[GIVEN INFORMATION]:

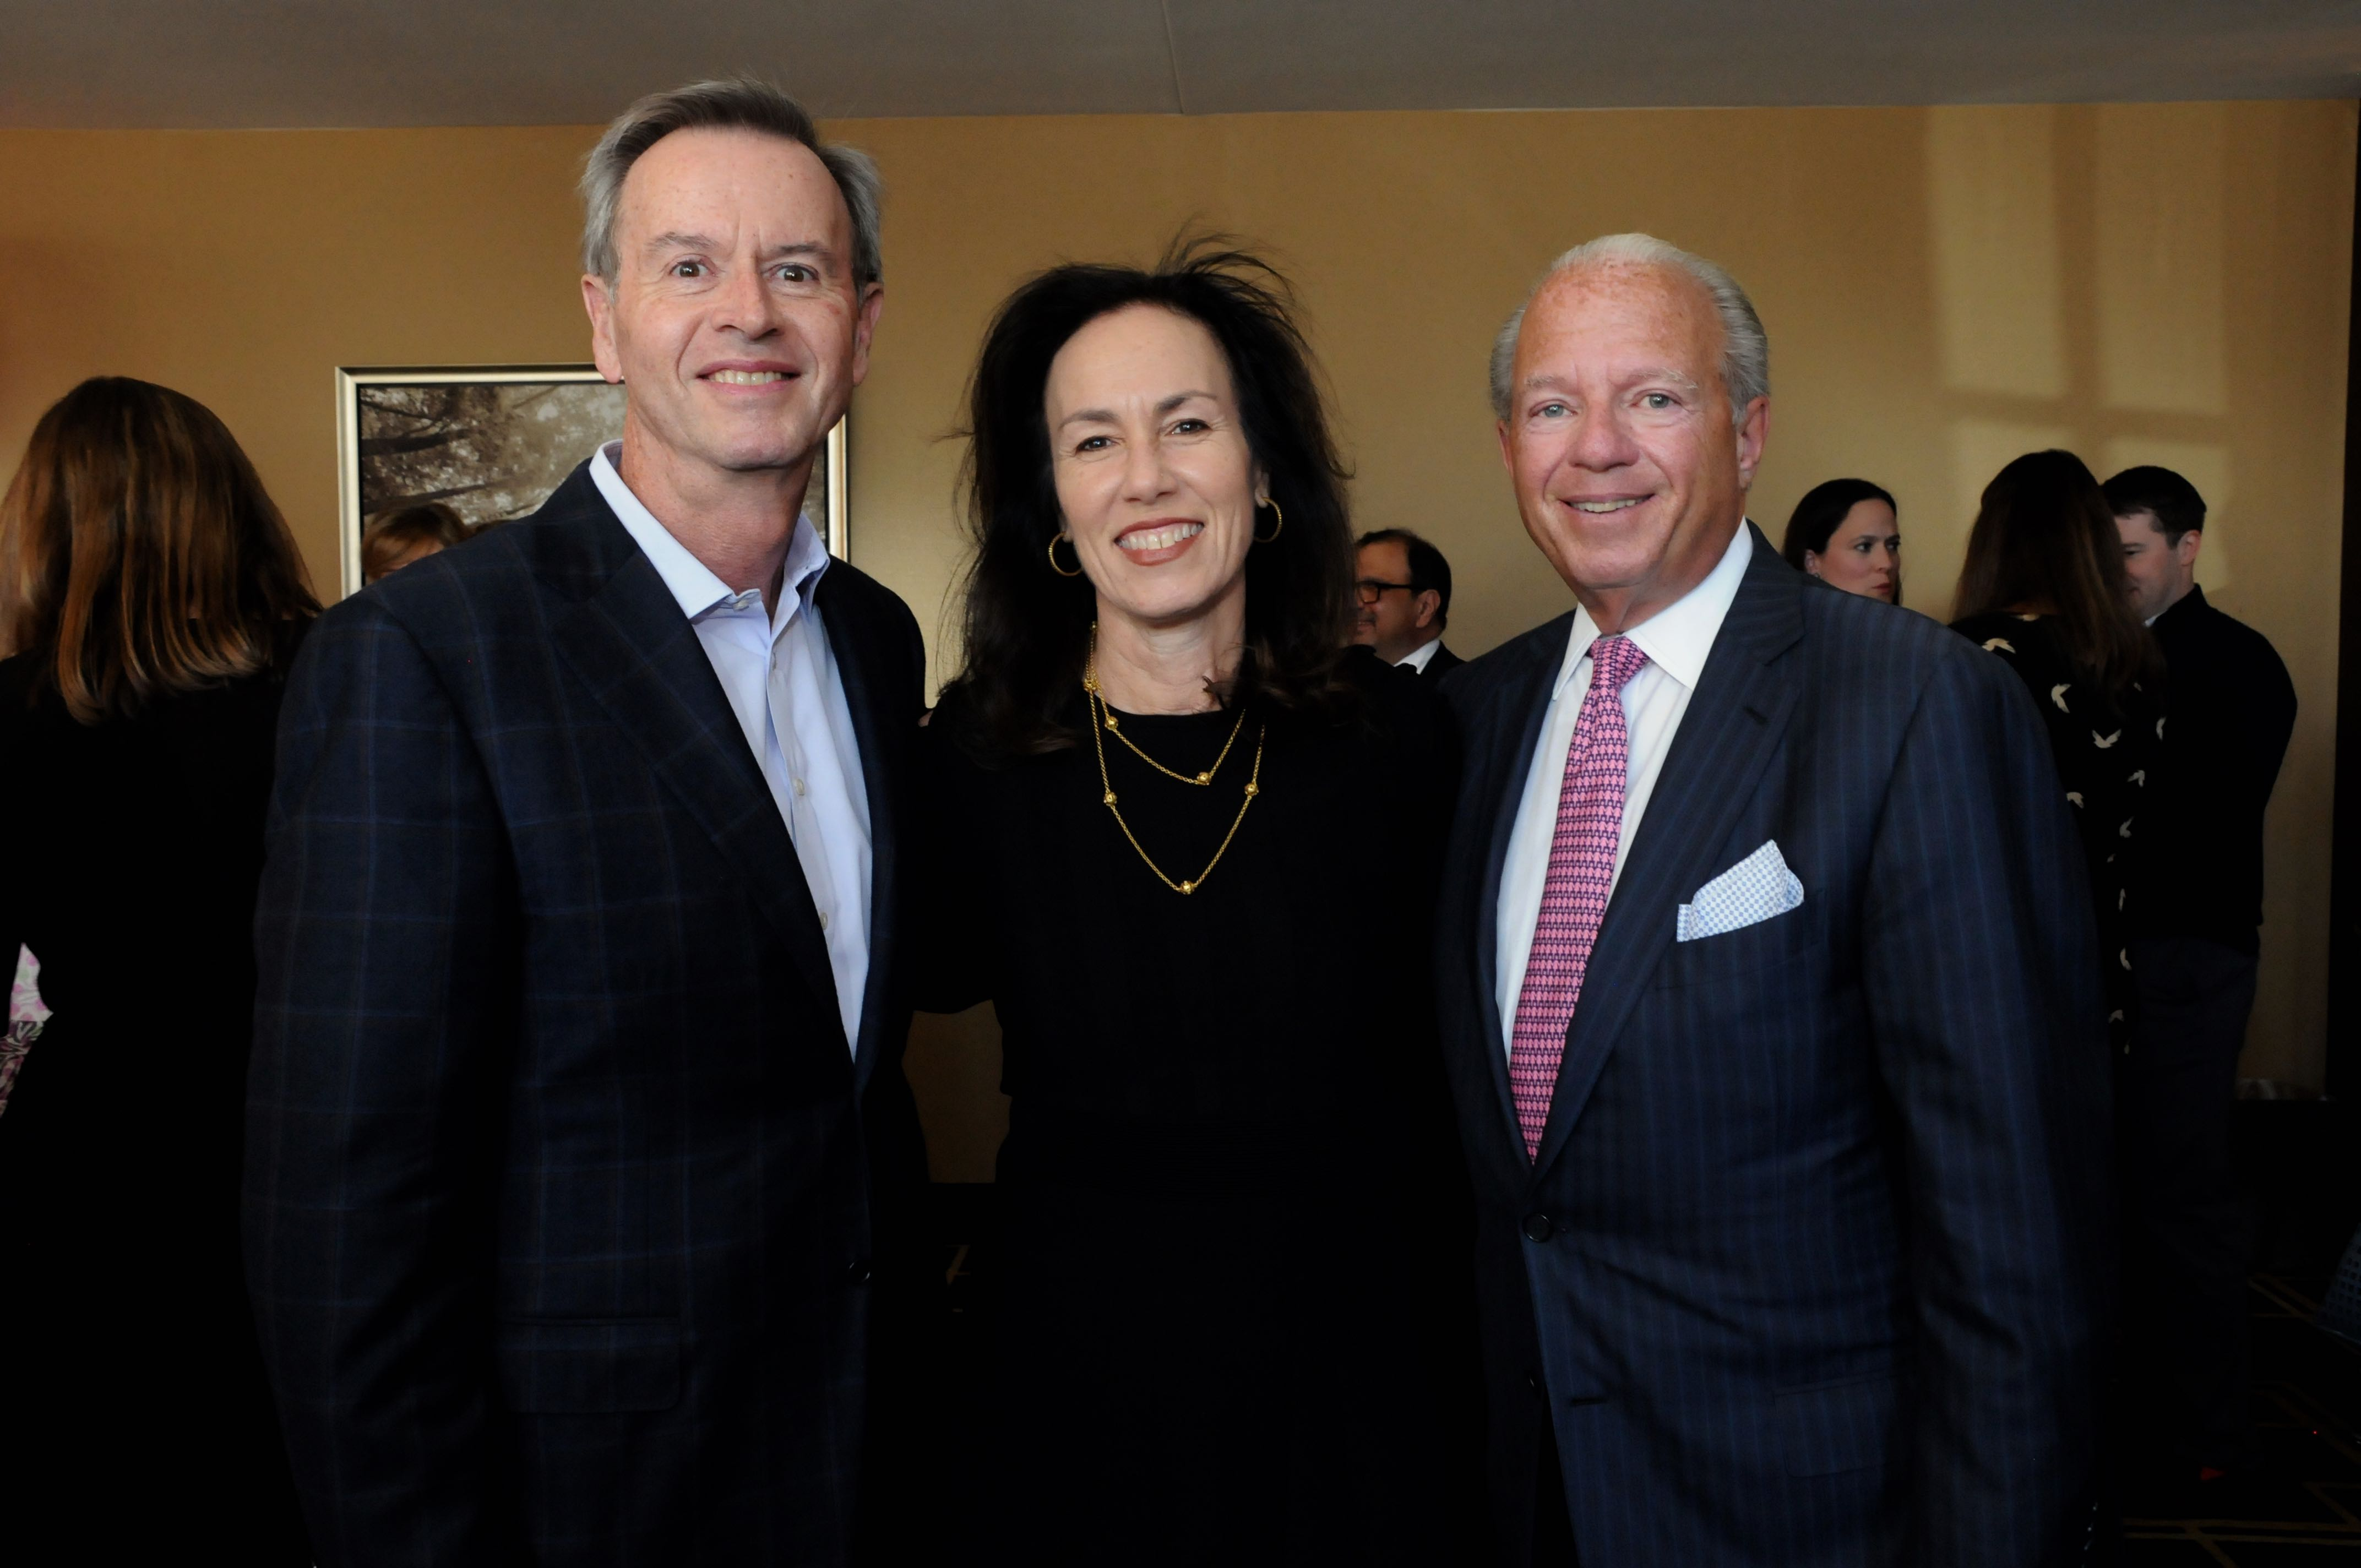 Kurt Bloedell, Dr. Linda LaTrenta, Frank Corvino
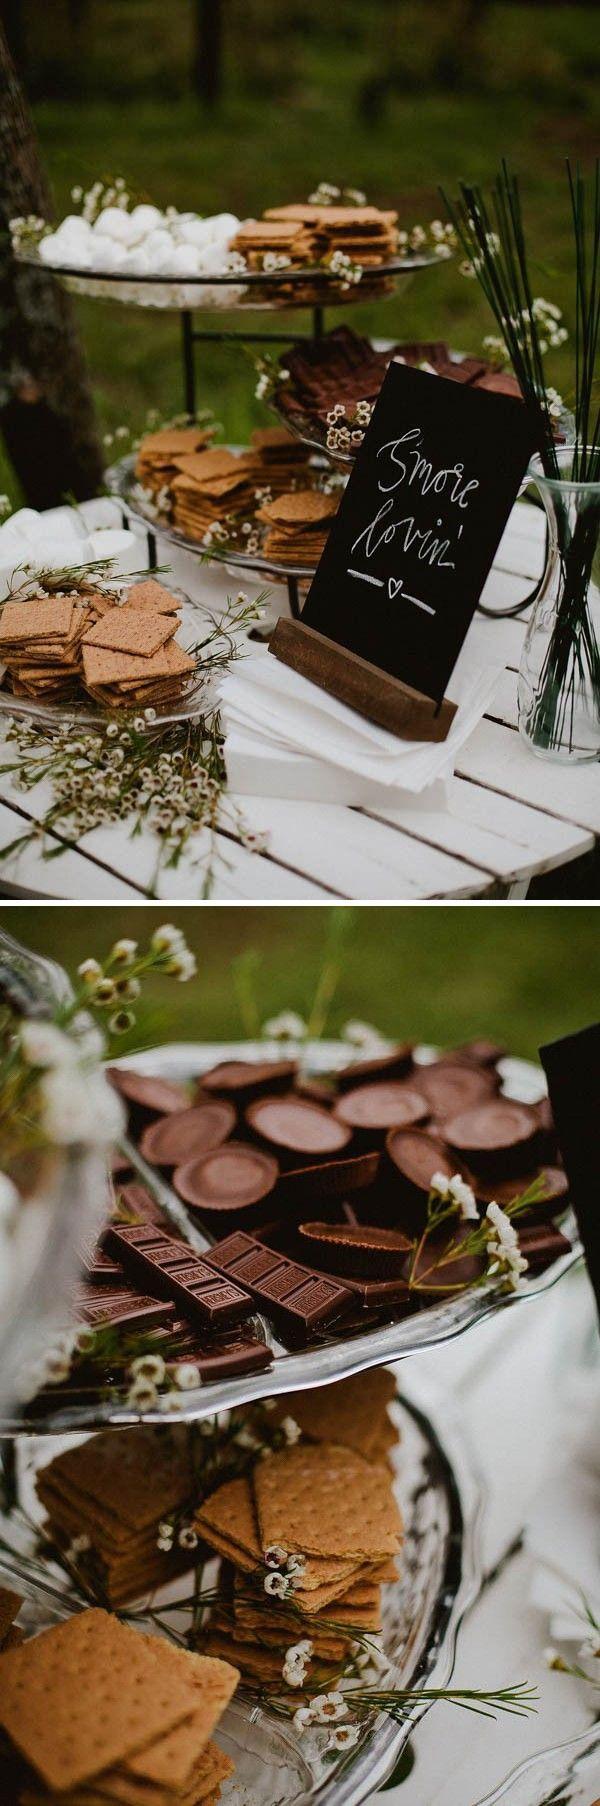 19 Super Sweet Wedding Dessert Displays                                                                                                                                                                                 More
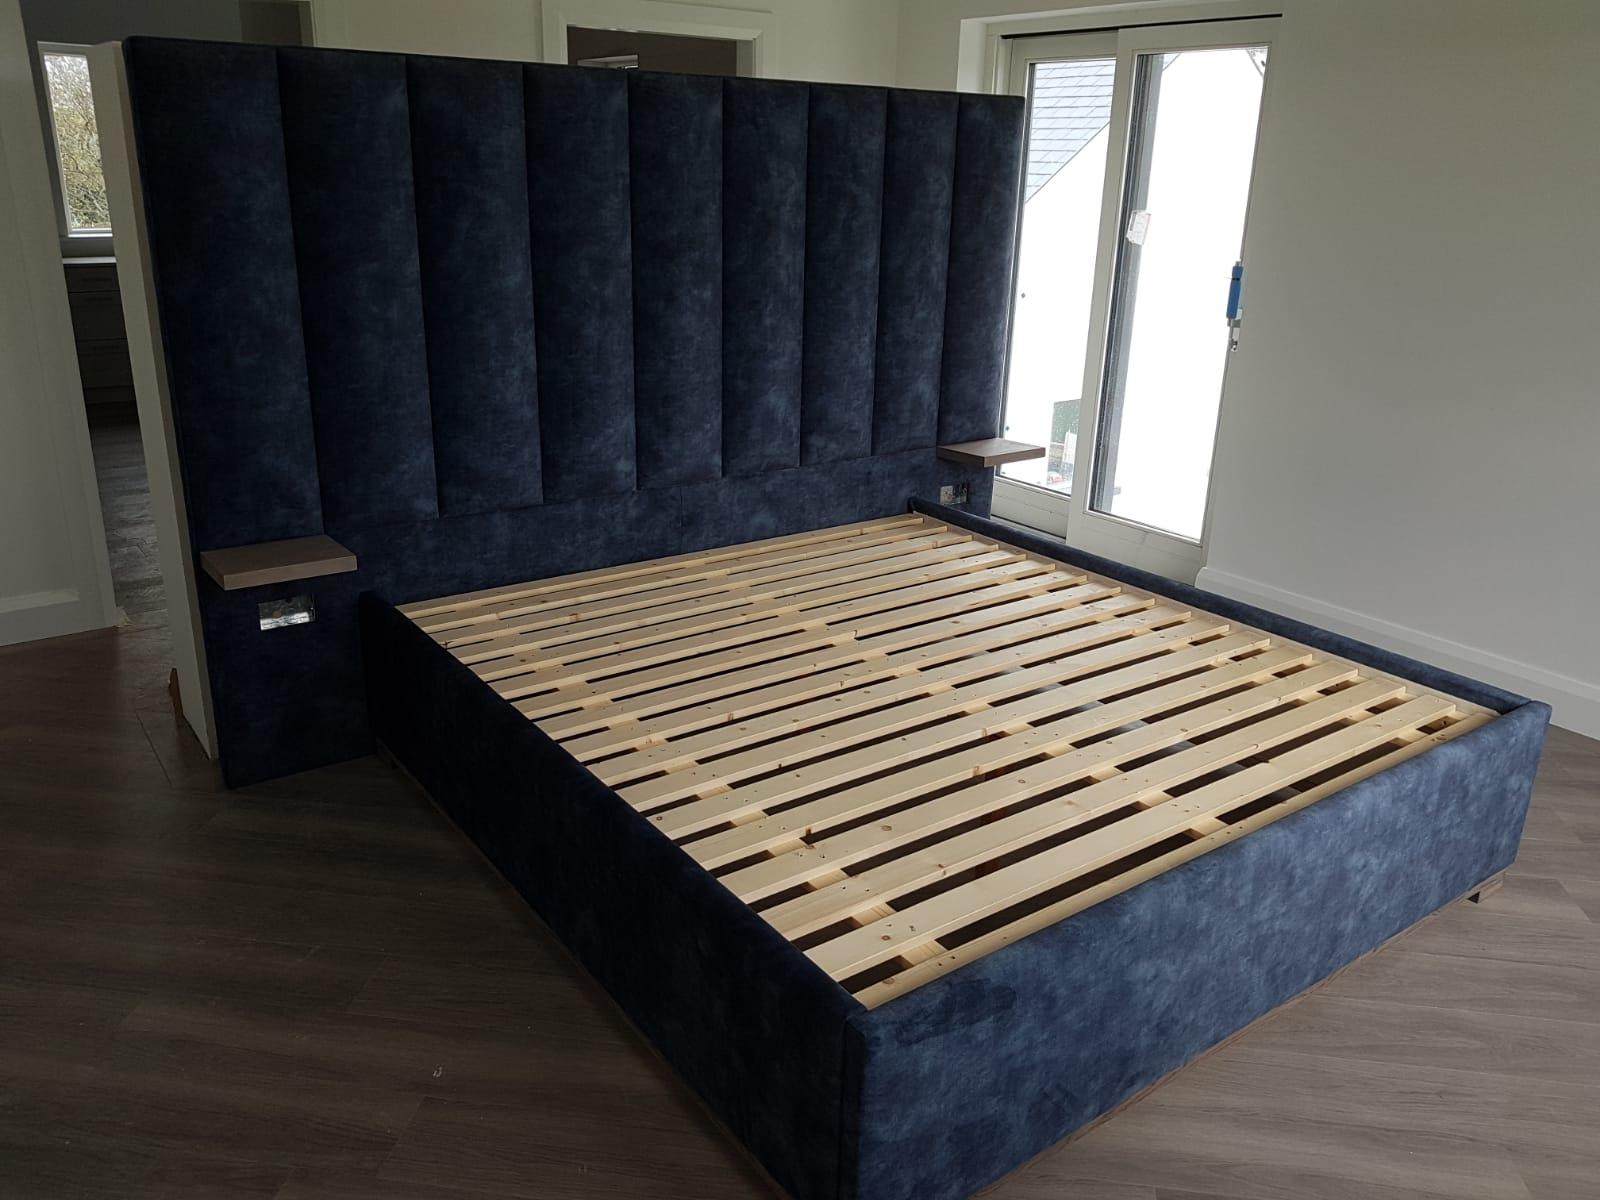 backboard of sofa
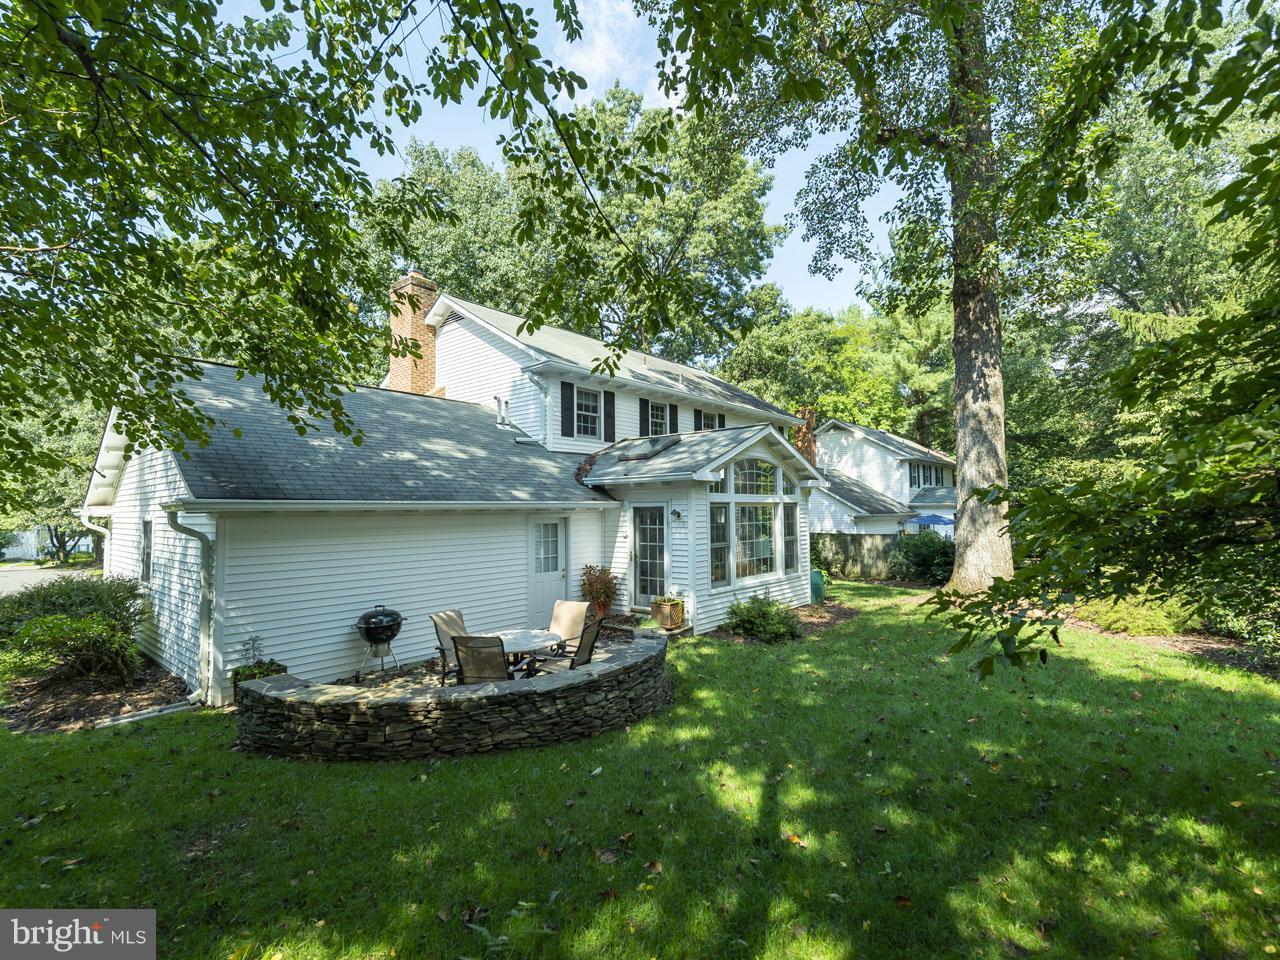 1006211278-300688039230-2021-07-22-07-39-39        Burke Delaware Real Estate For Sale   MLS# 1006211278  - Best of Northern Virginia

[EXERCISE AIM]:
Could you output the listing word for word, omitting every picture?

[ANSWER TO THE PROBLEM]:
 Kurt Bloedell, Dr. Linda LaTrenta, Frank Corvino
 19 Super Sweet Wedding Dessert Displays                                                                                                                                                                                 More
 backboard of sofa
 1006211278-300688039230-2021-07-22-07-39-39        Burke Delaware Real Estate For Sale   MLS# 1006211278  - Best of Northern Virginia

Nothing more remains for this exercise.